A team led by a City University of Hong Kong (CTU) neuroscientist has identified a key mechanism of a biological clock that keeps roundworms stable by defecating at regular intervals.

The excretory phase is under timed control of A nerve A cell located on the head of a worm. This cell fire a Nerve impulse, or burst of electrical discharge, every 45 seconds or so. Each impulse is immediately transmitted along the worm through a nerve fiber that connects to a nerve cell in the tail. This cell emits an impulse with a synchronous impulse from the head nerve cell, which stimulates the lower-intestinal muscles to expel stool.

“The 1-millimeter-long roundworm Caenorhabditis elegans, or C. elegans, is used as a model organism by biologists around the world. Wild-type worms, in the presence of abundant food, eat non-stop. Defecate every 45 seconds with almost clock-like precision. Why and How Worms Learn About Its Basic Mechanisms “Attracted researchers to study,” said team co-leader Dr. Liu Qiang says. “Our findings solve this 30-year mystery, deepen our understanding of rhythmic behavior, and deepen the relationship between the animal’s nervous system and physiology.”

CITU’s Dr. Liu Qiang and Dr. Peking University. The research was jointly led by Luis Tao. The results published on 19 May 2022 Nature communicationentitled “C. elegans enteric motor neurons fire synchronized”. Action potential Basis of the Excretory Motor Program.”

The gut-brain circuit

C. Elegance is also well studied in neuroscience Brain researchAnd all 302 cells Its nervous system has been identified, named and physically mapped along with all their nerve connections. The two main neurons involved in controlling bowel movements are the AVL in the head and the DVB in the tail.

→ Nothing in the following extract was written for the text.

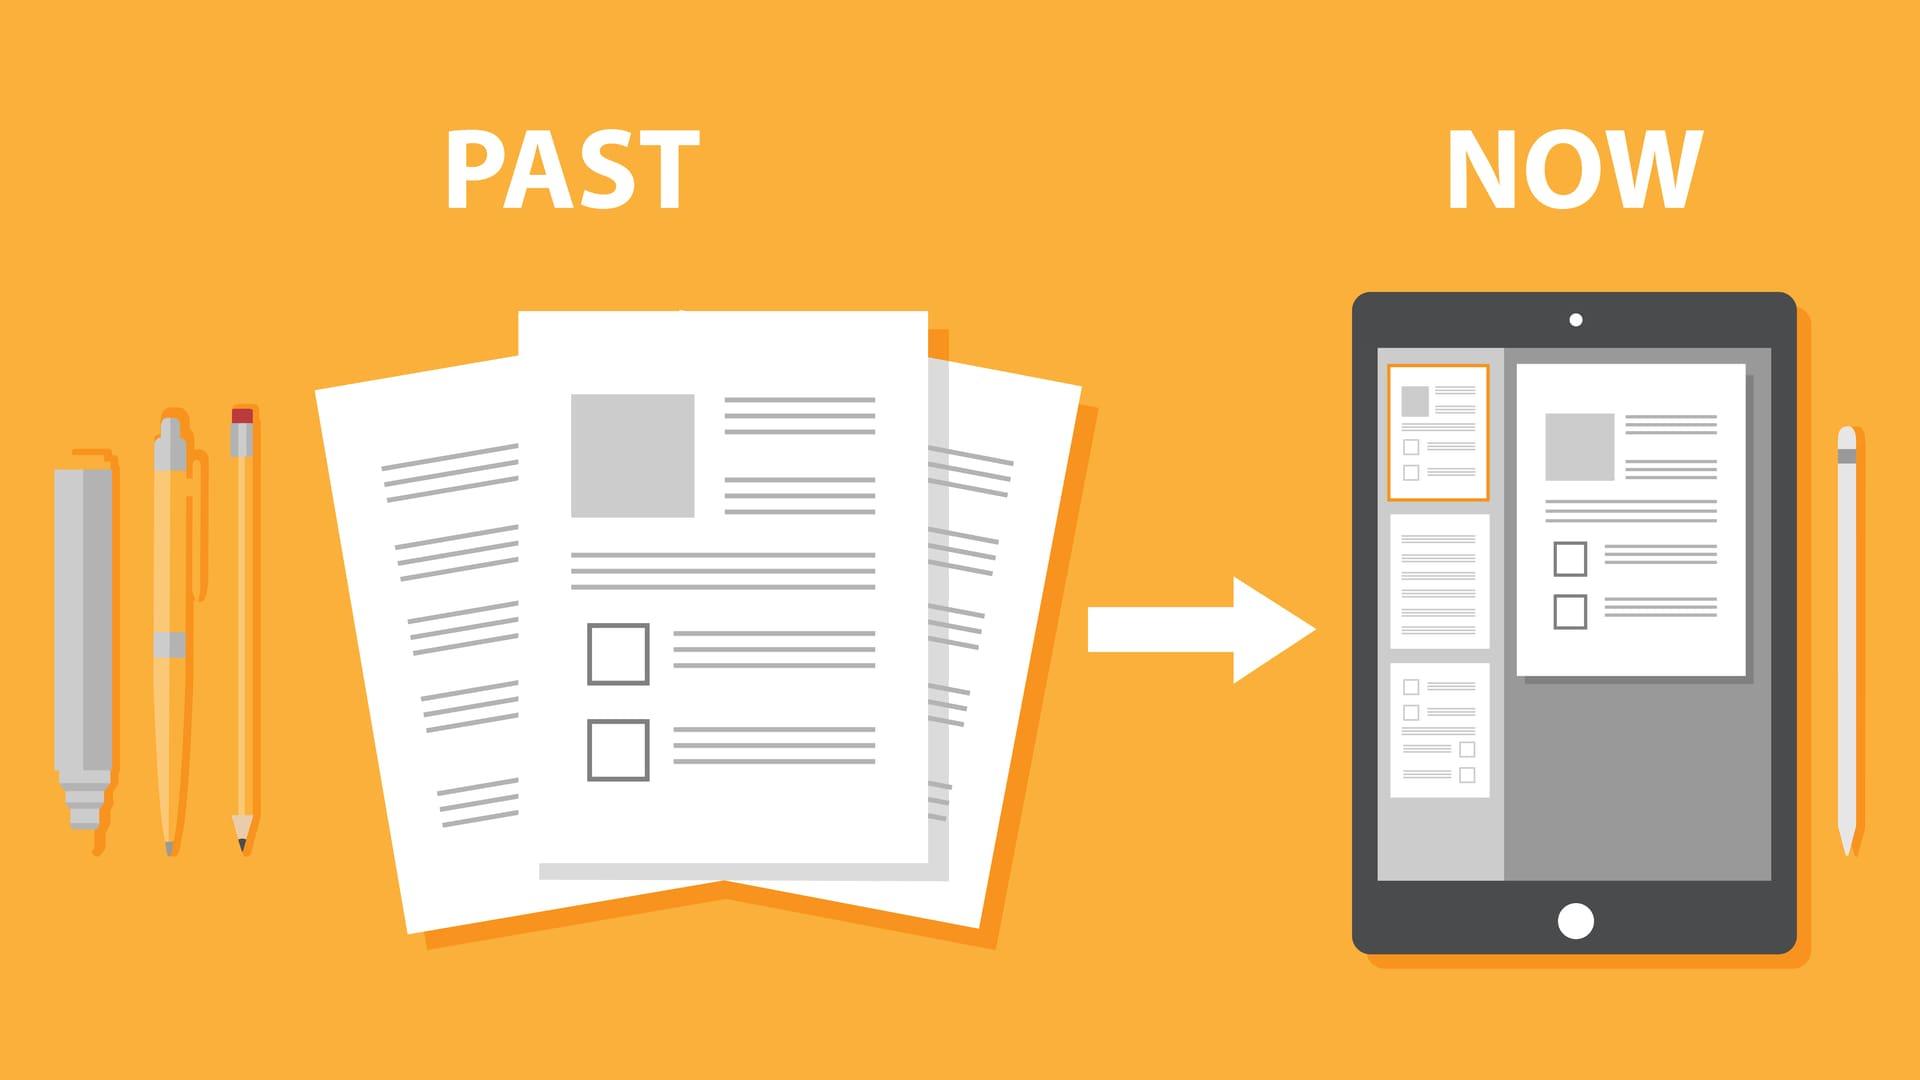 iPad(タブレット)で介護記録を作成するメリット・デメリット【おすすめソフトも紹介します】

“Researchers knew that C. elegans produces periodic surges of calcium in gut epithelium cells called calcium waves, which trigger the release of gut neuropeptides that stimulate AVL and DVB neurons, leading to bowel movement. However, the underlying mechanisms of communication between the gut and the brain were unknown. Two enteric neurons, one in the worm’s head and one in the other How do they communicate with each other over such a distance while processing the timing signal from the tail and gut with remarkable robustness and precision?” Dr. Liu says. “For the first time, we showed that AVL and DVB neurons generate all-or-none impulses, or action potentials, and this digital signaling allows AVL to instantaneously communicate long-distance with DVB in the head. Control faecal excretion.”

the reason Calcium ions Jumping into the cell between each nerve impulse, the researchers examined AVL-to-DVB signaling under a special microscope using videoworms programmed to glow fluorescent green in the presence of calcium. They first observed a general wave of calcium moving through the gut. After about 3 seconds, they found nearly simultaneous calcium spikes in AVL and DVB that lasted half a second and repeated once every 45 seconds (see Figure 1).

Calcium spikes in AVL and DVB coincided with head-to-tail muscle movements that occurred at approximately the same time as stool ejection. From these findings, the researchers conclude that although the gut itself is the general defecation pacemaker, synchronized AVL and DVB impulses control the precise timing and coordination of head-to-tail body and gut movements required for the voiding phase.

Multitasking capability

Direct measurements of voltage across the membrane of isolated AVL and DVB cells confirmed the spike profiles of their action potentials. Closer examination reveals that the AVL impulse is an abnormal action potential consisting of two spikes in close proximity. The first spike acts as a positive, fast signal (signal increase in about 100 milliseconds, red circle in Figure 2) that propagates rapidly (in milliseconds) to the DVB and changes in the sequence of muscle movements leading to defecation. The second spike acts as a negative, slow signal (in seconds, yellow circle in Figure 2) that switches off the sequence to prevent further bowel movements and prevent excessive bowel movements. Also, a long negative undershoot phase (tens of seconds, green circle in Figure 2) after each AVL pulse prevents DVB misfiring impulses when they are not needed.

“The head AVL neuron plays the most critical role in regulating bowel rhythms over multiple time scales,” Dr. Liu says. “It not only relays, it also modulates the pacemaker signal from the gut by resetting the system with each bowel movement and prevents the nerve from misfiring between cycles, thus keeping the body clock strong and accurate.”

The study paves the way for further research into gut-brain communication and other body clock systems that underlie repetitive animal behavior. “I have no doubt that the basic principles of brain function learned from the study of worms can be used as a springboard for understanding more complex brains like ours,” said Dr. Liu adds.